• _Exercise instructions_: The entries below contain a stretch that opens with the line containing "Cowboy Boots & Tutu's" and closes with the line containing "Wonder Woman watch"; set down that stretch exactly, both ends included, and nothing else.

• _Source material_:
------------------------------
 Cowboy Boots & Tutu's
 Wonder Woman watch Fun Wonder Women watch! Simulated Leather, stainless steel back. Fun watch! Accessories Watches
------------------------------
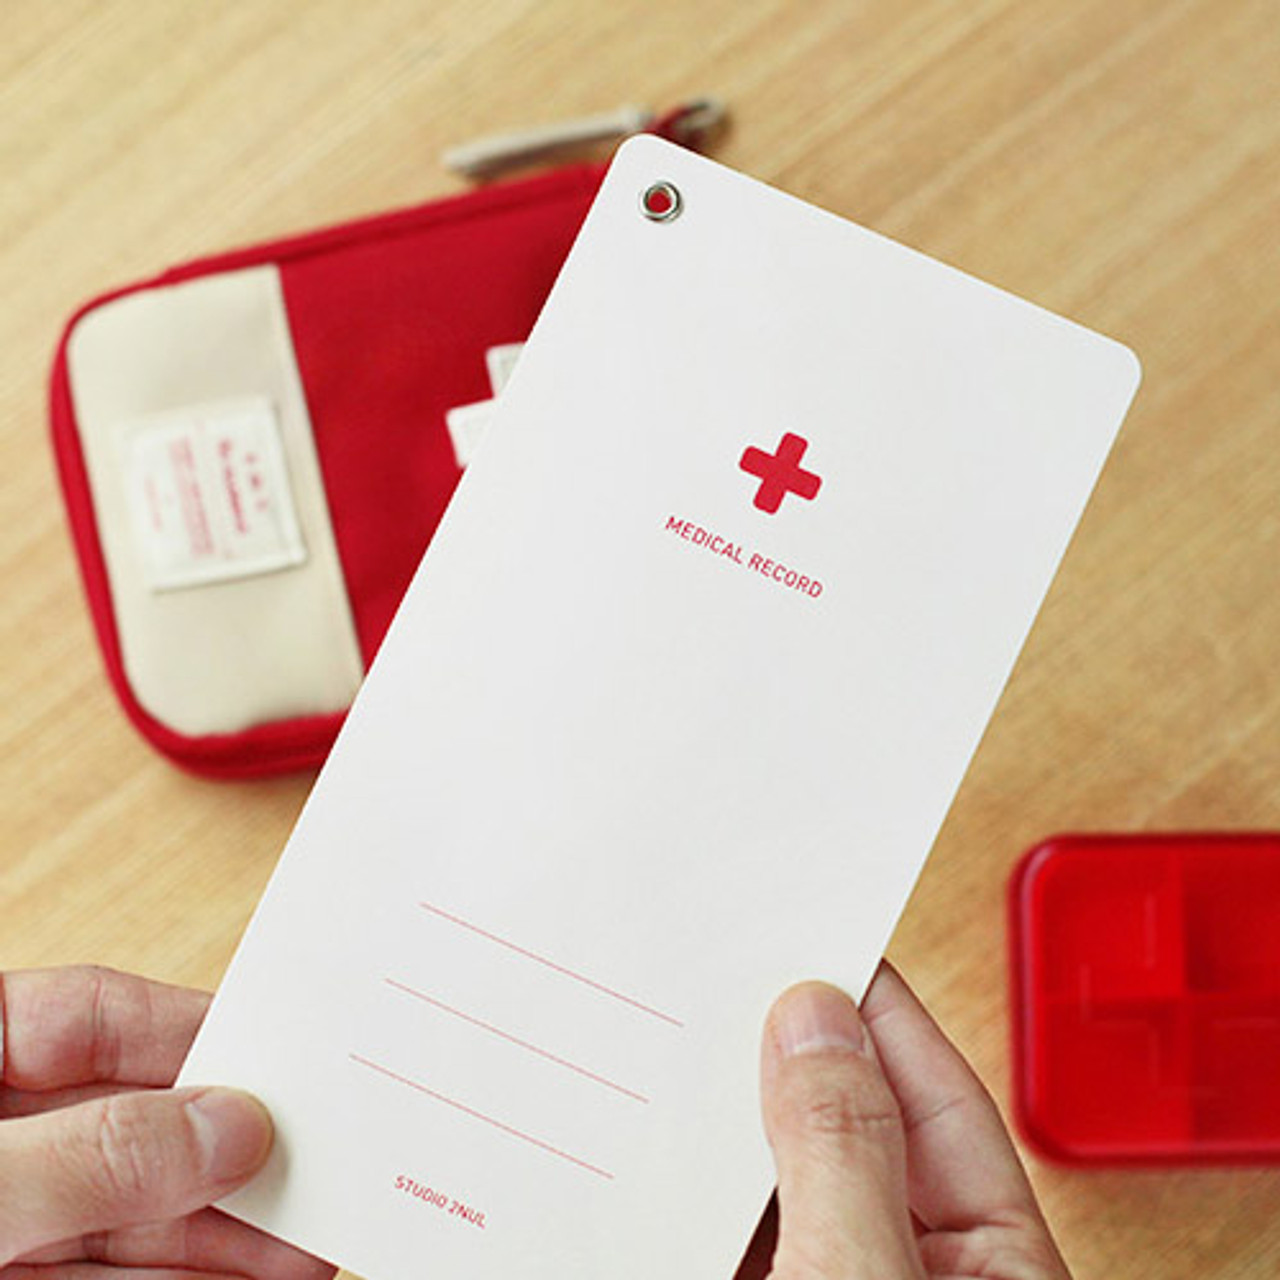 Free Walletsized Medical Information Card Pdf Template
------------------------------
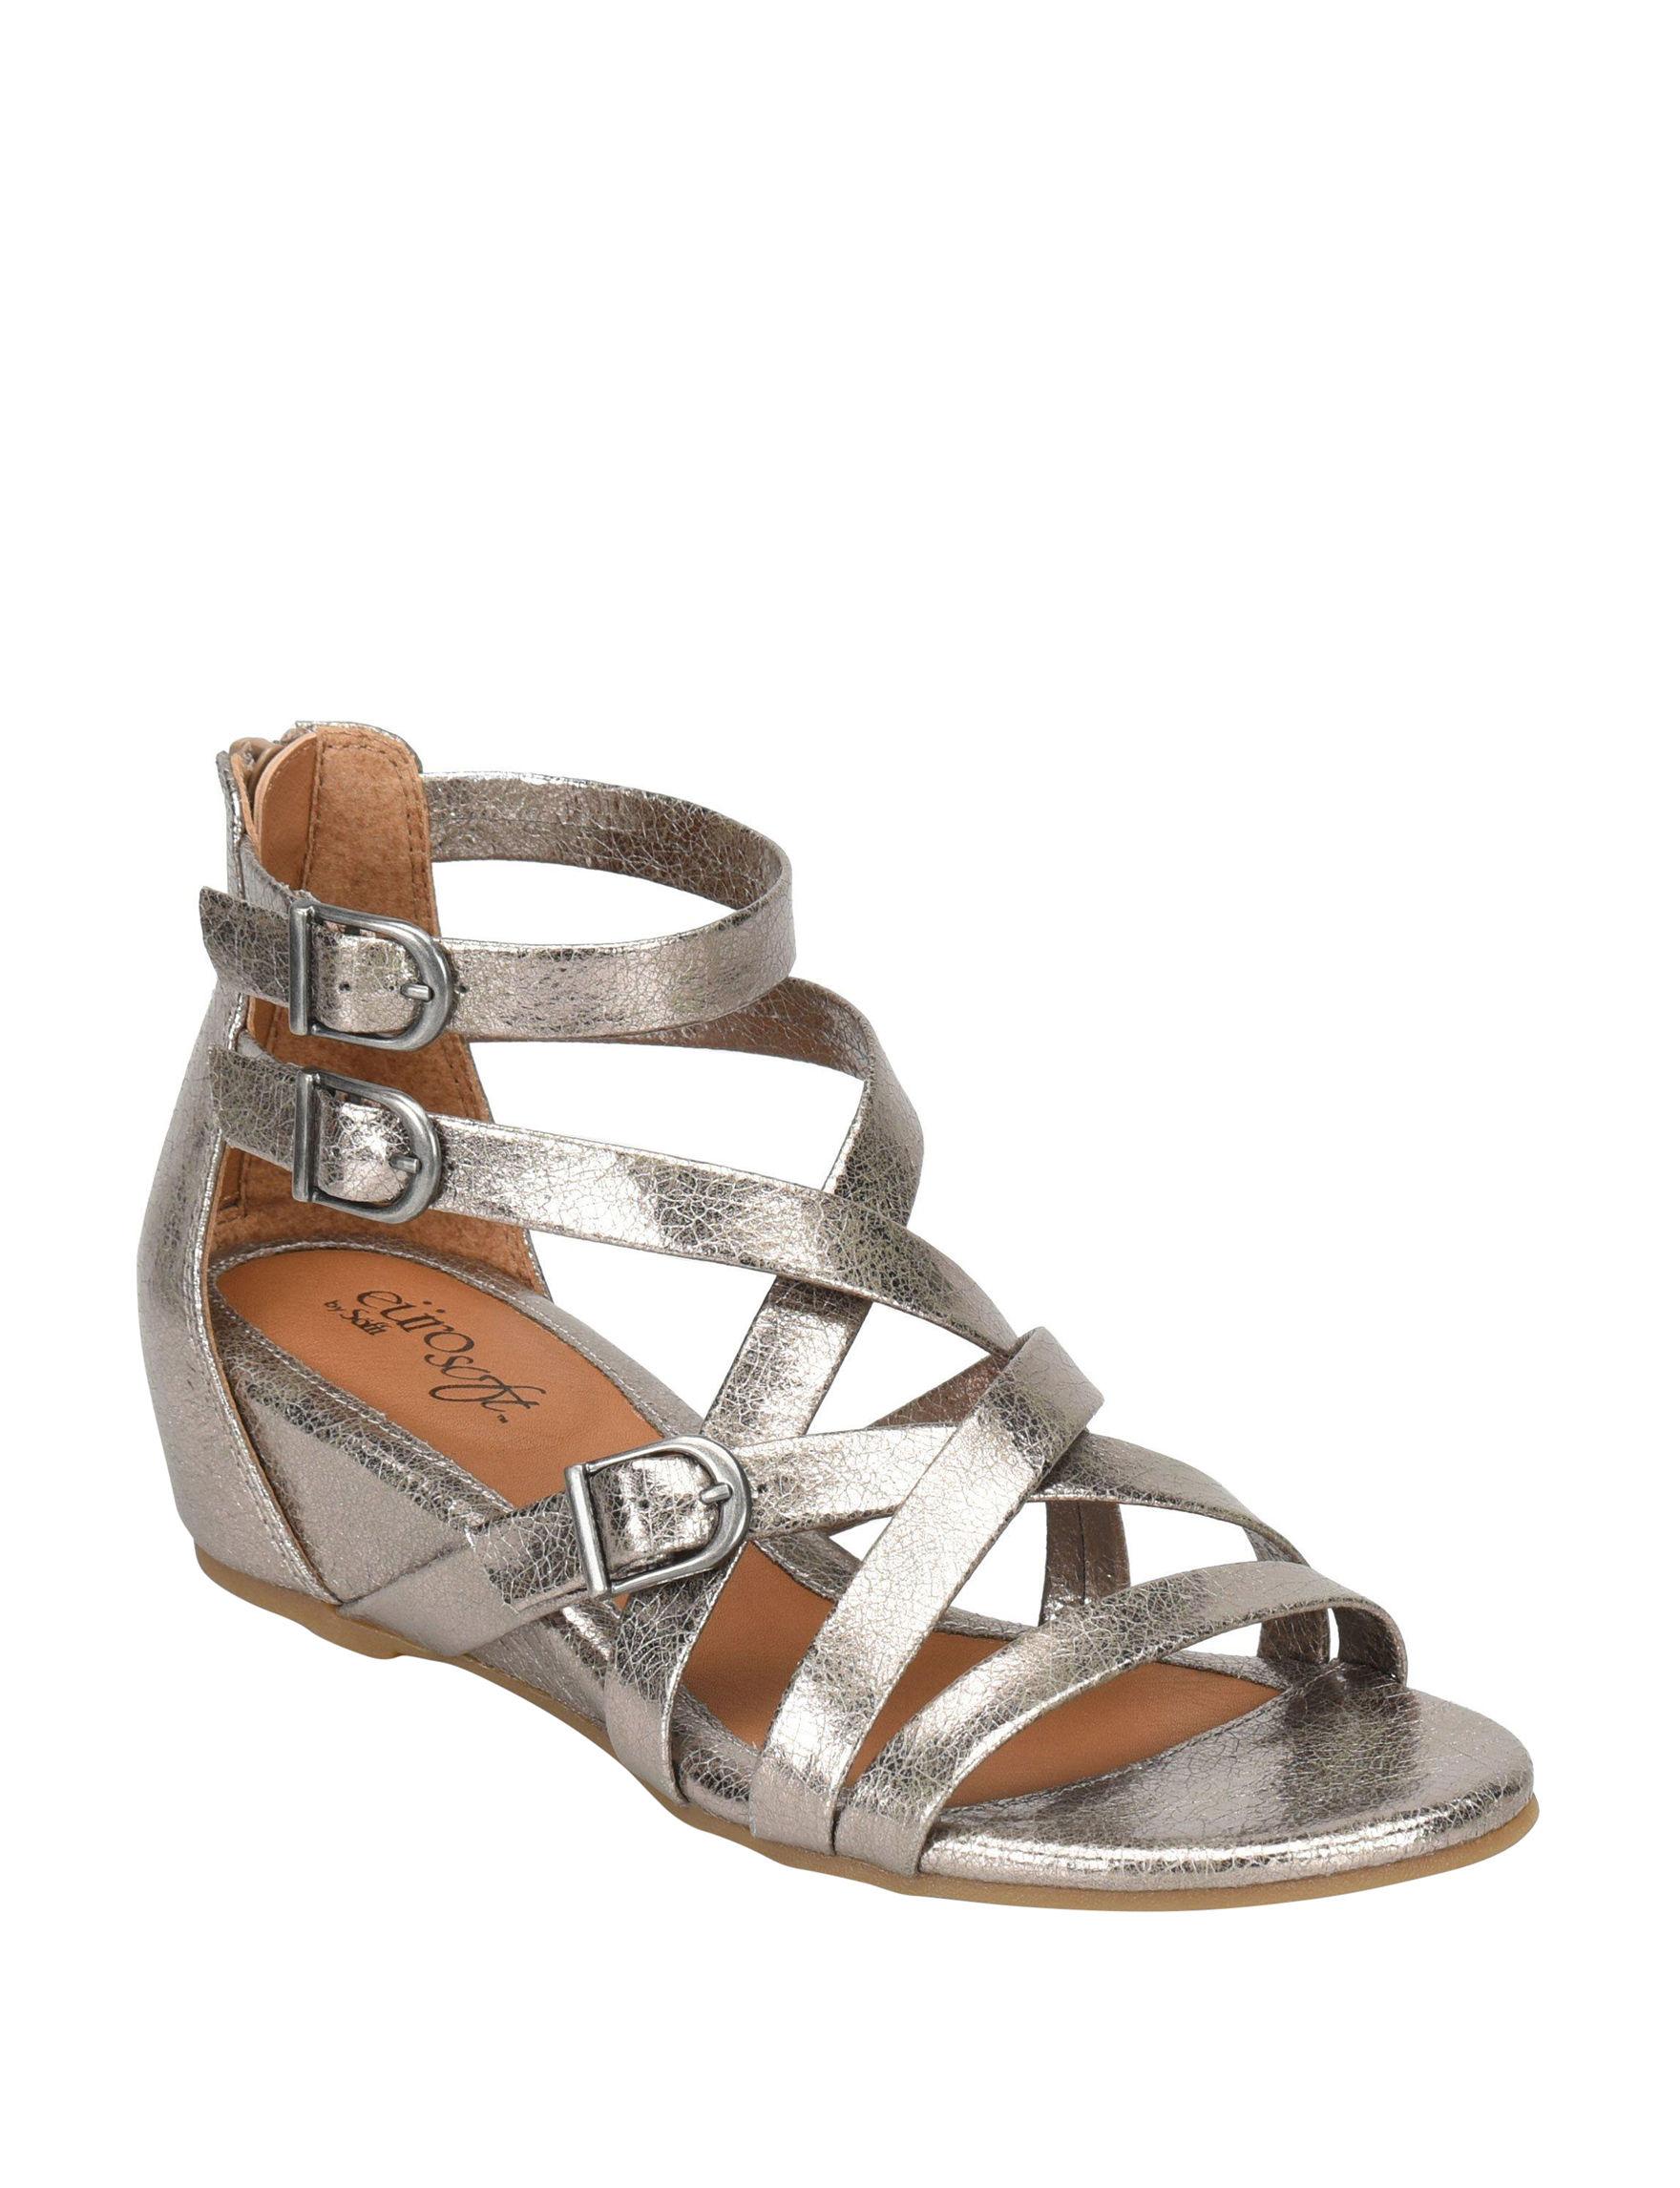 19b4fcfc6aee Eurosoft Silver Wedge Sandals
------------------------------
• _Solution to the problem_:
 Cowboy Boots & Tutu's
 Wonder Woman watch Fun Wonder Women watch! Simulated Leather, stainless steel back. Fun watch! Accessories Watches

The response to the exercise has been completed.